Каблуки гулко сшибают кочки подмерзшей грязи.
— Как живем?
— Лучше всех!
— Да никто не завидует, да?
Хотелось отрезать крепким словом, да подумала: ладно уж, коль по пути — иди, недалеко осталось…
Но он вошел в избу вслед за ней.
Пульхерия жила с замужней сестрой. К счастью, дома оказались все: и сестра, и зять, и племянники, хотя и собирались вот-вот податься в гости.
Яша Омельков поздоровался, снял шапку, прошел вперед и бухнул на стол тонкую светлую бутылку «Столичной».
Вот тебе и трезвенник!
У зятя даже глаза на лоб полезли.
— Яш-ша! — не сразу заговорил он. — Эт ты за-ради чего разорился?!
Яша Омельков присел у стола, улыбаясь шире обычного, и с запинкой выговорил:
— Да вот… Пульхерию вашу хочу выкупить…
В избе стало тихо, как после выстрела.
Первым опомнился зять:
— А ну, живо! Зина! Пуля! — и пошевелил растопыренной пятерней над столом. — Пуля, чего застыла столбом!
Вот-вот! Пуля…
Сколько слез было пролито Пульхерией только из-за одного своего имени. Уж как ни проклинала отца и мать, попов и святцы! Сколь помнит себя, ее иначе и не звали, как Пулей. Пуля да Пуля… Может, и жизнь не удалась во многом только из-за этого имени. Помнится, мальчишки, дразня, превращали ее черт-те откуда выкопанное имя в обыкновенную матерщину. Да что мальчишки — и сейчас нет-нет да какой-нибудь дурак надсмеется при всем народе…
Теперь-то Пульхерии кажется, что скажи тогда Яша Омельков: «Пулю вашу хочу выкупить», только бы ее и видели в избе.
Тогда же пришлось сесть за стол, выслушивать тары-бары, уговоры. Она видела: сестра и зять несказанно рады этому сватовству. Понимала это по-своему: хотят избавиться от нее. Сестра отзывала ее в другую половину избы, твердила: «Ну ты подумай, куда ты через год-два денешься: ведь тебе, девка, двадцать четыре! А Яша — аккуратный парень, непьющий».

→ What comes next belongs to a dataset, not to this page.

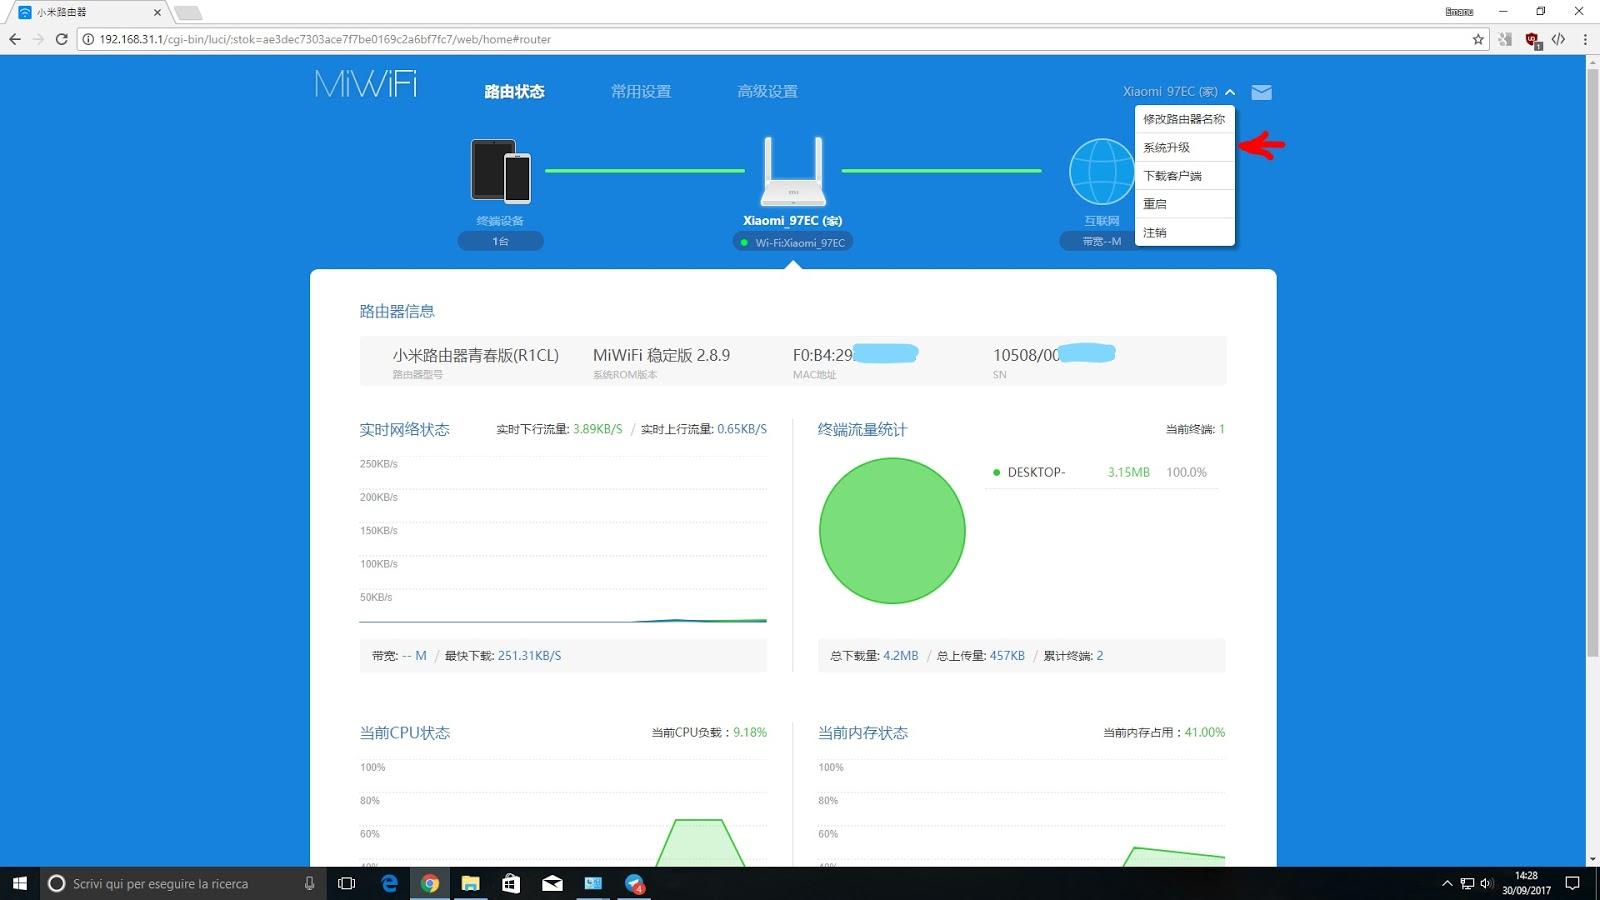 Il blog di emanu37429: Installare LEDE/OpenWRT su Mi Router Youth

И правда, куда Пульхерии было деваться! Она одна знала свою беду, свое горе. Да еще тот, кто в том повинен…
Пять лет назад, в слякотный, октябрьский же, вечер, Пульхерия задержалась на ферме. Ей нездоровилось: одолевал насморк, ломило суставы. Пугала одна мысль об уличном холоде. А в караулке было жарко натоплено, и так хорошо лежалось на топчане за печкой, так хорошо дремалось без огня.
Вот дверь скрипнула, и кто-то вошел. Думая, что это сторожиха тетка Настасья, Пульхерия только кашлянула: мол, не пугайся — это я все еще тут. И все то, что случилось за этим, свершилось так просто и грубо, что она не успела ни сопротивление оказать, ни закричать на худой конец…
Просто кто-то подкрался к ней, овладел ею, как петух курицей, и так же крадучись вышмыгнул из караулки. Только тошнотворная смесь винного и табачного перегара и запомнилась Пульхерии…
С того вечера кривая, злая усмешка легла и застыла на ее лице. Она знала, что это очень старит ее, старит внешне и душевно, но уже ничего с собой поделать не могла. Словно параличом перекосило лицо.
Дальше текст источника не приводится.